The river was not as full as it had been in the past. The British father had been at this camp one other time and remarked that the rapids were Class 6. The same class of rapids I had done in Colorado, which could be harrowing at times. However, our white water excursion in Bosnia was rather tame and involved a lot of rowing. But the swims were refreshing if not bone piercingly cold. The scenery in the canyon is something else. The rock rises up with the colors and sheer rock faces of Yosemite, with what trees and greenery that can attach, and the waters are a purely clear and translucent aquamarine, something out of Alberta and Banff.
We negotiate all the rapids with ease guided by our guide, Dan, who also spins us around some and has some fun along the way. He didn’t speak much English, but our crew had a good time. Along the way, there are swimming stops and jumping points, you also break for a pit spot where there are cold beers available.
The camp fed us three square meals a day, usually too much food for the two of us on each meal. Mornings were a selection of fried or scrambled eggs with cured meats and a side of bread. Lunch depended on the day, but dinner was a big meal and varied each day. It clearly was pre-planned ahead of time as they take no orders just our reservation name. Food would be delivered shortly after. We would also order the house red which came out of a large, unlabeled jug maybe 5L large. Hey, it was good and what was available.
For our day of hiking, we met early and would be gone some 14 hours. Dragan, our guide, got us squared away and into the Land Rover Defenders for a ~2 hour drive into the park. Then I got to see how the locals negotiate these roads, albeit in a Defender. There’s some advantage to the machinery.
The park is enormous and both days we would cross back and forth across the untamed Bosnian and Montenegrin borders. Officially, this area of Bosnia and Herzegovina is Republika of Srpska, which in a previous post I go over what that means. This is before we take in everything Sarajevo gave to us, and the knowledge that was needed to really understand Bosnia. On the way, Dragan shows us where a mountain hospital was ambushed in WWI, where the Germans stationed their guns and artillery in WWII.

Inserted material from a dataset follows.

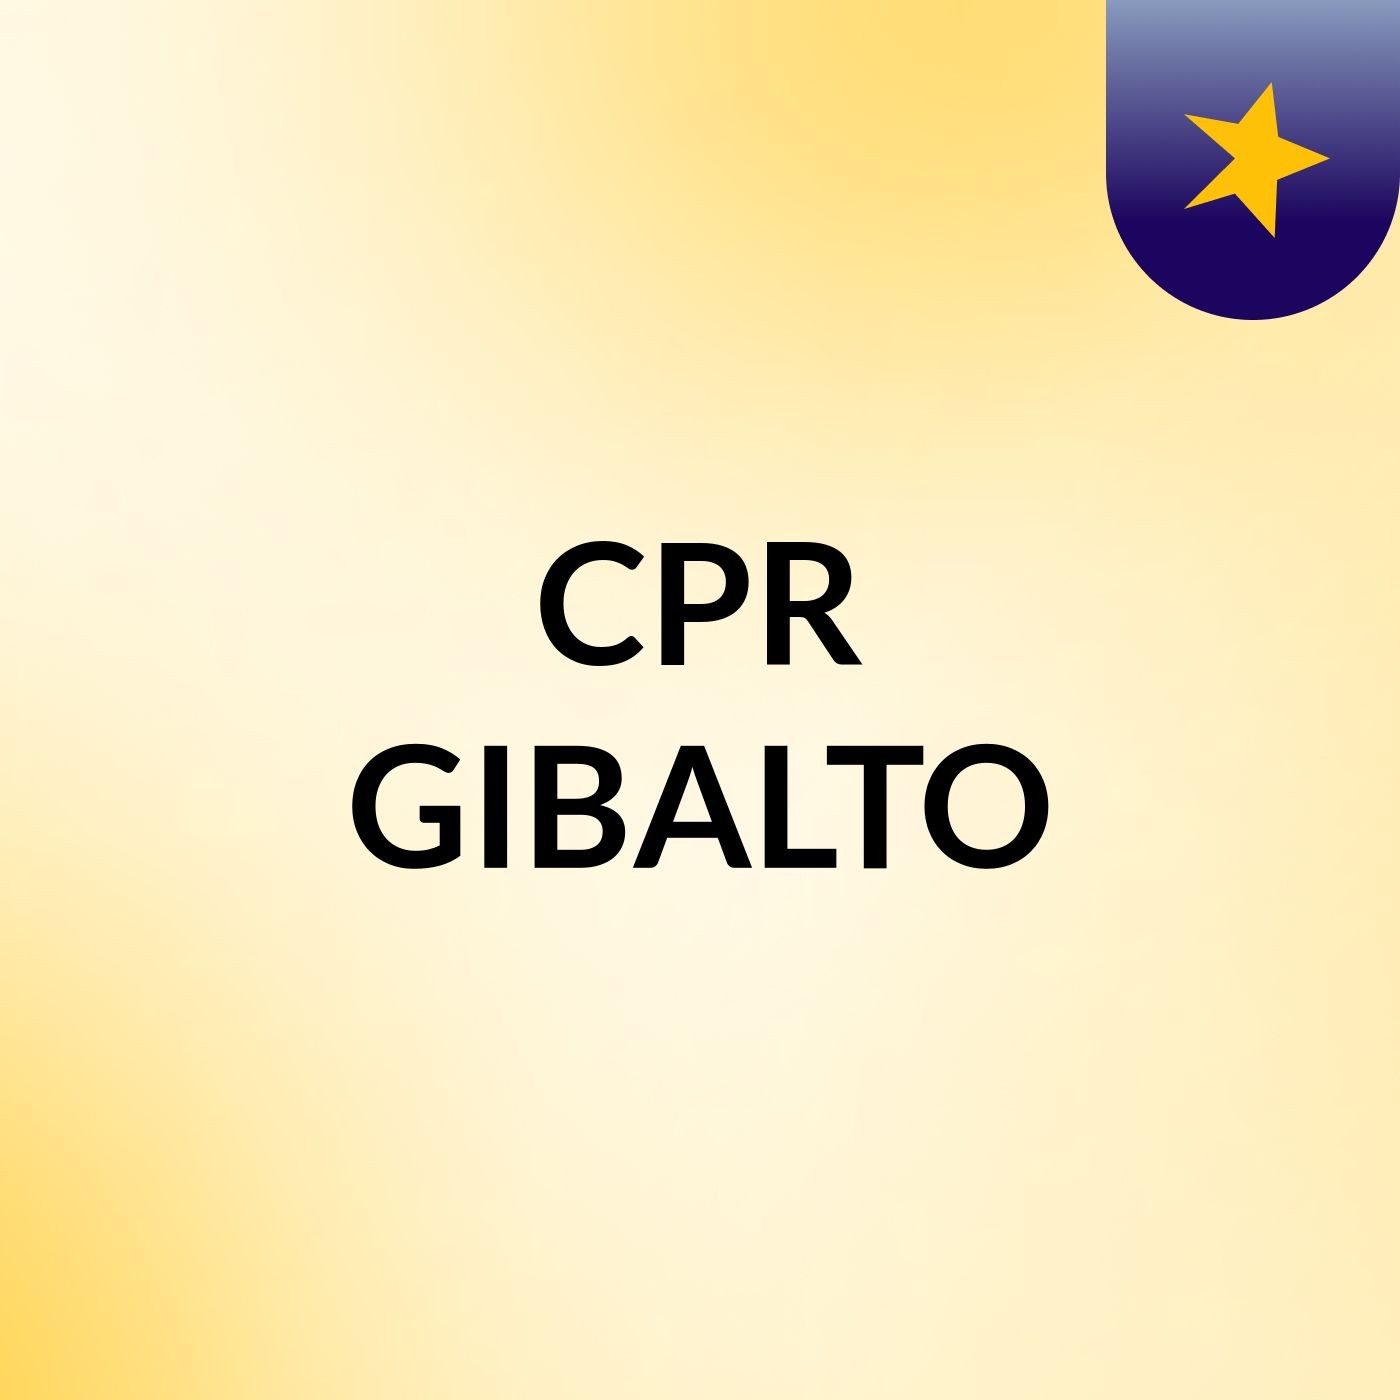 CPR GIBALTO

We start our hike not far from a lookout tower that was once used by the Montenegrins to watch for Austro-Hungarian invaders. The hike would take us down to a valley floor and back up again around a ridge that would open to Trnovačko Lake. The lake was pristine with clear, deep green waters surrounded by mountains, one of which, Maglić, is the tallest in Bosnia. These mountains are part of the Dinaric Alps. They’re big.
Dragan is also keen to show us wild native plants and their medicinal purposes during the hike. The area is one of the most biodiverse in Europe. In the Defender, we bond over hacking video games, and he shares his taste in music. Turns out, that is largely how he learned English. Learning the lyrics and translating them word by word. The type of studying clearly didn’t stop because it seems he has since studied books of puns. He has a whole library of them memorized. I played as if not understanding one, and he quickly explained. He gets both the language and logic in them. He was full of surprises.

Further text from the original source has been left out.